Processing Samples:   0%|          | 0/10 [00:00<?, ?it/s]
Processing Samples: 100%|██████████| 10/10 [00:18<00:00,  1.81s/it]
/home/gilberthan/anaconda3/envs/py311/lib/python3.11/site-packages/pandas/core/internals/blocks.py:329: RuntimeWarning: invalid value encountered in sqrt
  result = func(self.values, **kwargs)
/home/gilberthan/anaconda3/envs/py311/lib/python3.11/site-packages/mudata/_core/mudata.py:491: UserWarning: Cannot join columns with the same name because var_names are intersecting.
  warnings.warn(

dotDf=tja.utils.makeDotTable(goRes,gene=symbol,
                             sample=goRes.obs_names)

groupObs=adata.obs[["sample","group"]].drop_duplicates()
groupObs.index=goRes.obs_names
col_ha = pch.HeatmapAnnotation(Group=pch.anno_simple(groupObs['group'],cmap='Set1',legend=False,add_text=True),
                           verbose=0,label_side='left',label_kws={'horizontalalignment':'right'})

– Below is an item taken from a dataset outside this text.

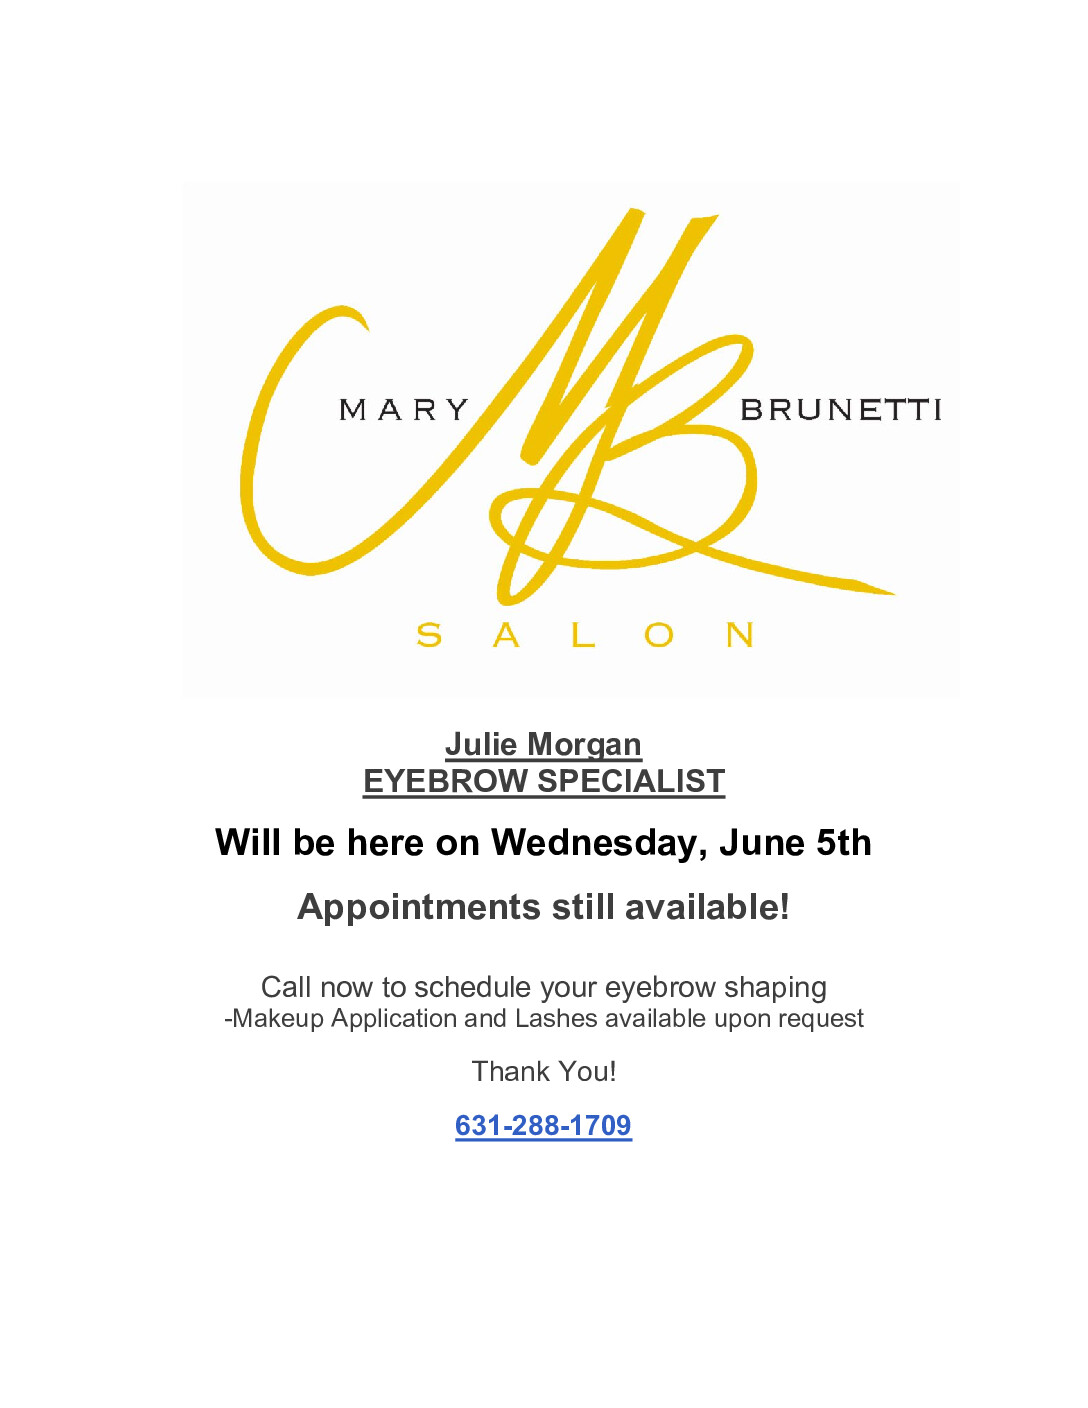 Mary Brunetti Salon - Special Eyebrow Event

tja.utils.trajDotplot(dotDf,col_split=groupObs['group'],top_annotation=col_ha)

Starting plotting..
Starting calculating row orders..
Reordering rows..
Starting calculating col orders..
Reordering cols..
Plotting matrix..
Warning: ratio is deprecated, please use max_s instead
Using user provided max_s: 60
Collecting legends..
Plotting legends..
Estimated legend width: 12.172222222222222 mm
Incresing ncol
Incresing ncol
More than 3 cols is not supported
Legend too long, generating a new column..

png

From the trajectory dot plot, we can observe that in the gene set, Irf1, Socs2, Pik3r1, and Ghr exhibit similar expression patterns to the overall activity. However, Pxn, Tyk2, and Gdf15 show distinct expression patterns. Let’s take a closer look at these genes.

sc.pl.umap(adata,color=["Irf1", "Socs2","Pik3r1","Pxn","Tyk2","Gdf15"],use_raw=False,ncols=3)

png

These results confirm our findings. Therefore, we now understand that Irf1, Socs2, and Pik3r1 may be more crucial genes in this pathway.